WORK REQUIRED
Required from the data below: the exact lines starting at the line containing "Rafael Nadal, Rafa" and ending at the line containing "Fabric Sofa W/ Chaise Longue", with both ends kept and all pictures dropped.

SUPPLIED DATA
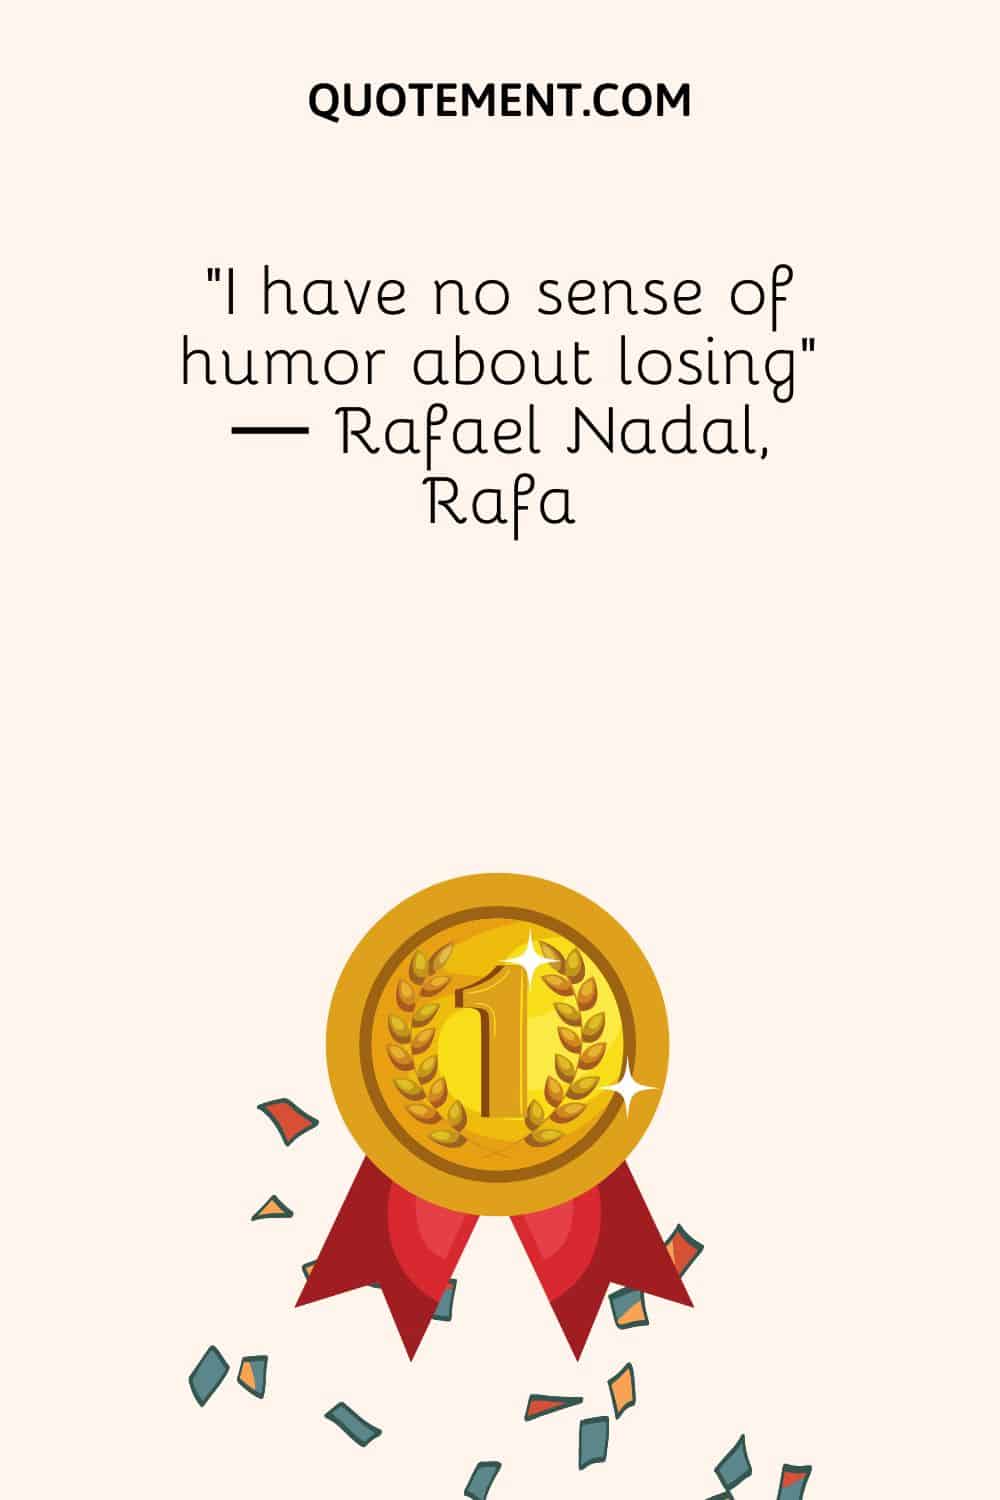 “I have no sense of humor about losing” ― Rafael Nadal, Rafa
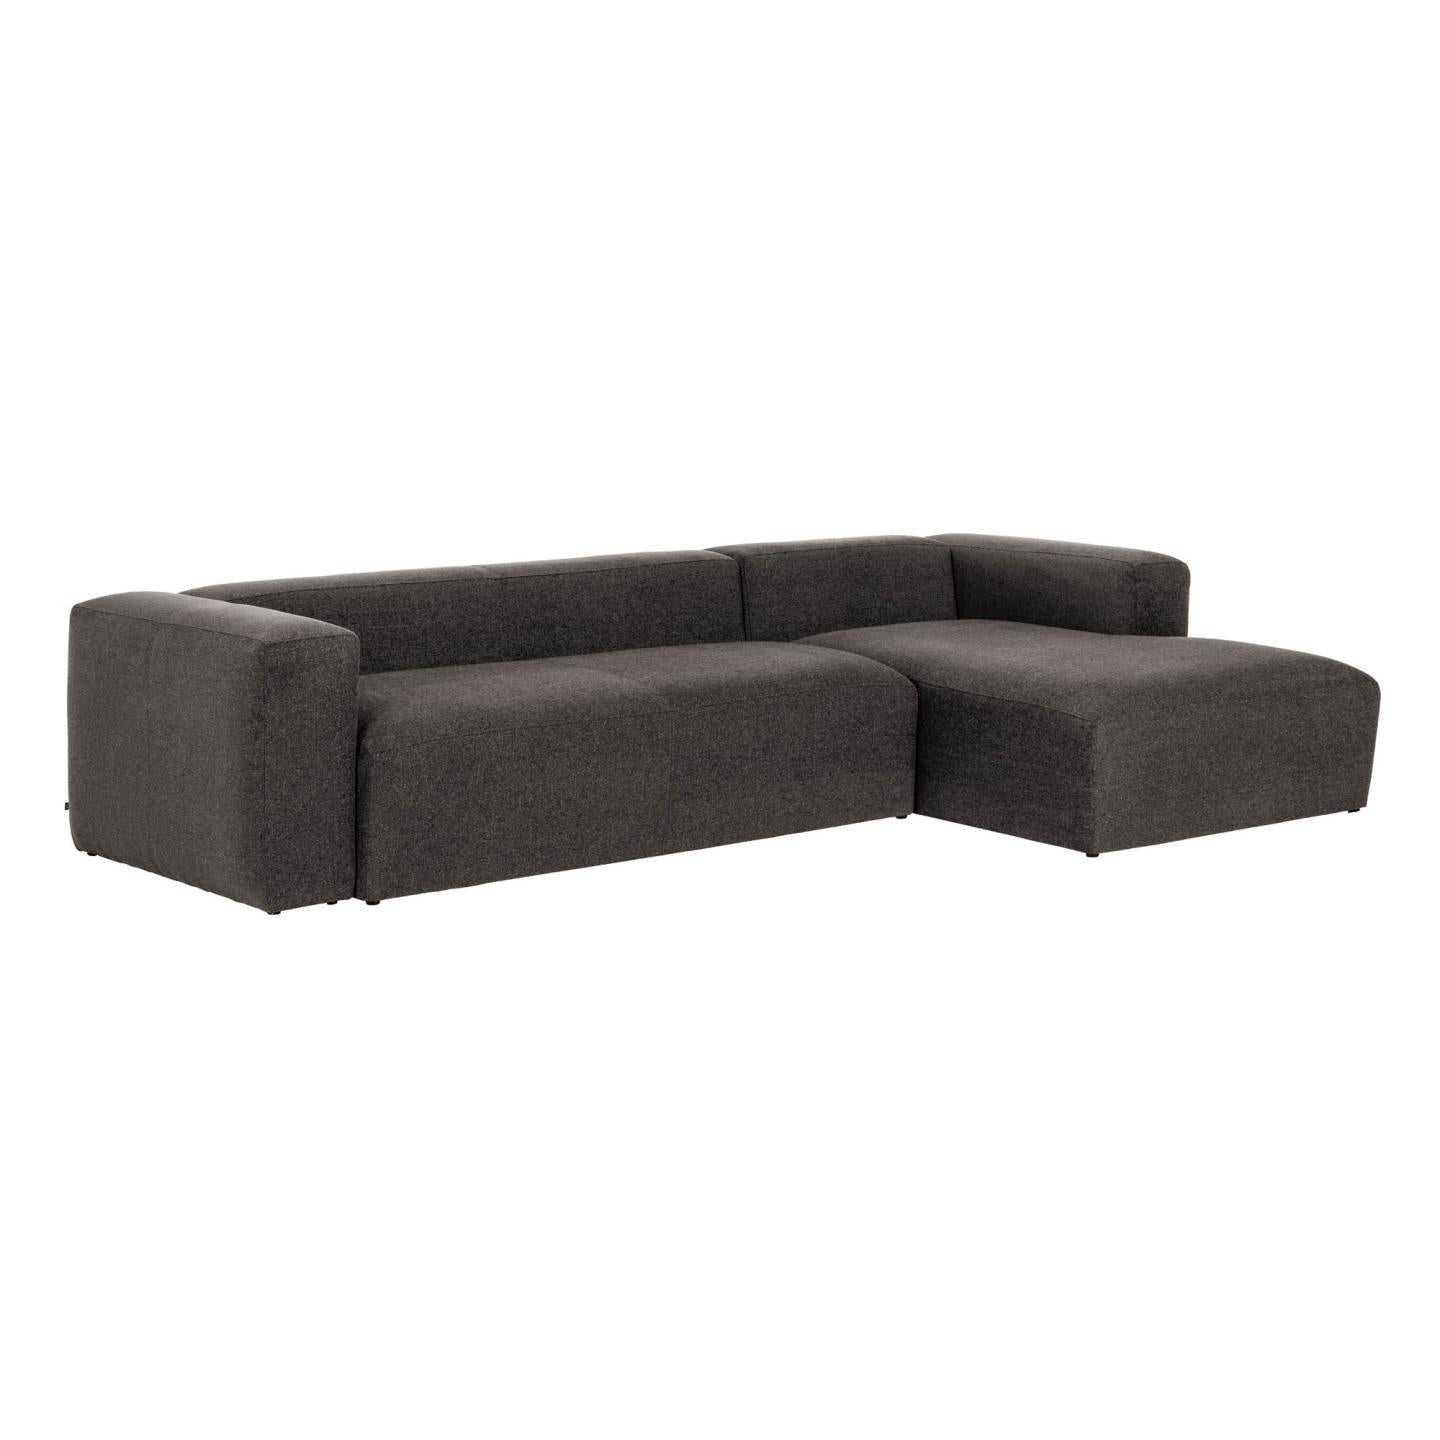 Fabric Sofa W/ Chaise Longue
--
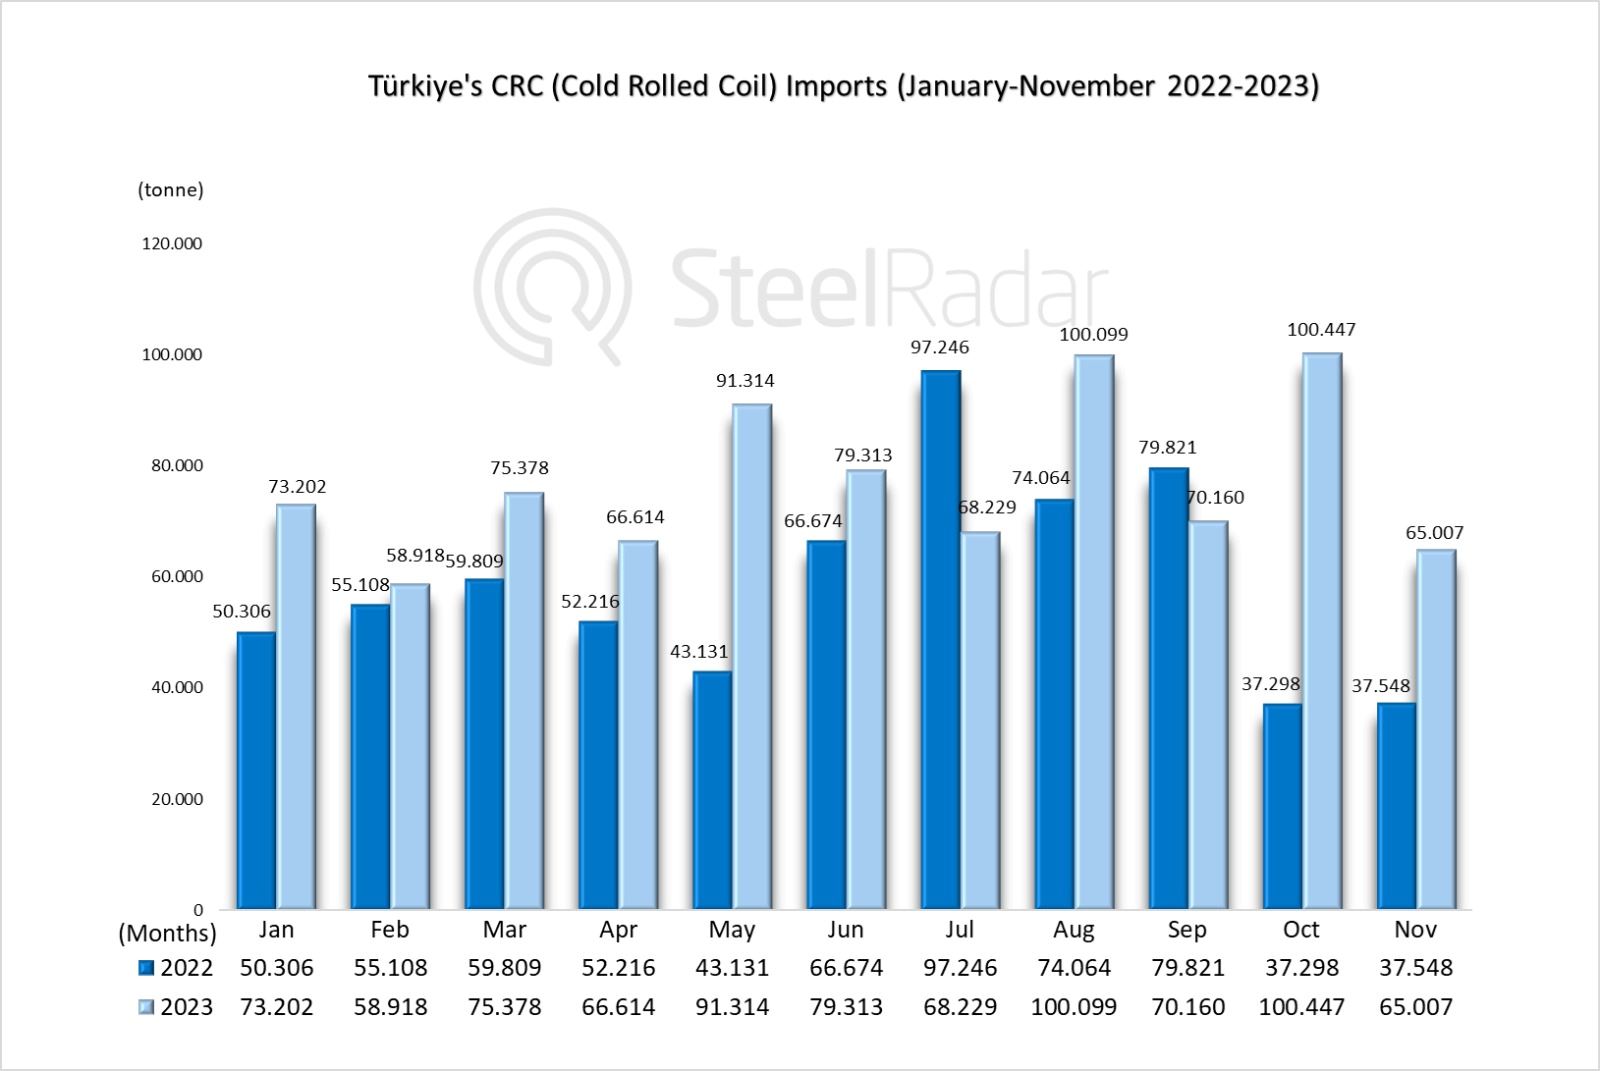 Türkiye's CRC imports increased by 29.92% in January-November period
--
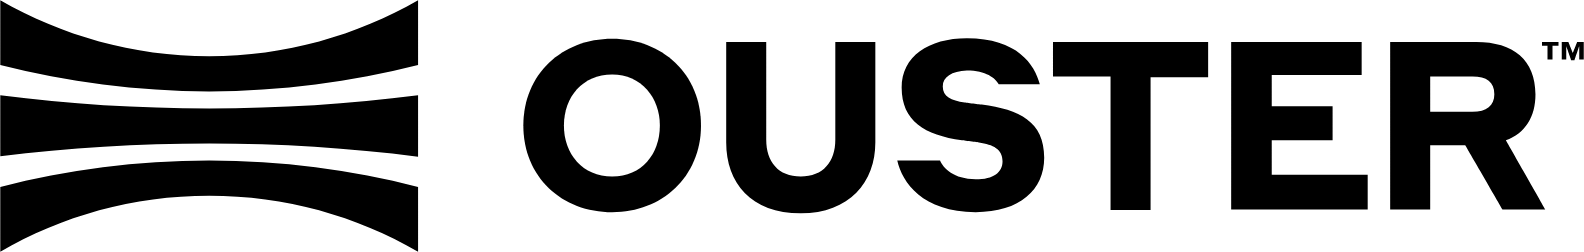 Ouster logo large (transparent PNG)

RESPONSE TO THE EXERCISE
 “I have no sense of humor about losing” ― Rafael Nadal, Rafa
 Fabric Sofa W/ Chaise Longue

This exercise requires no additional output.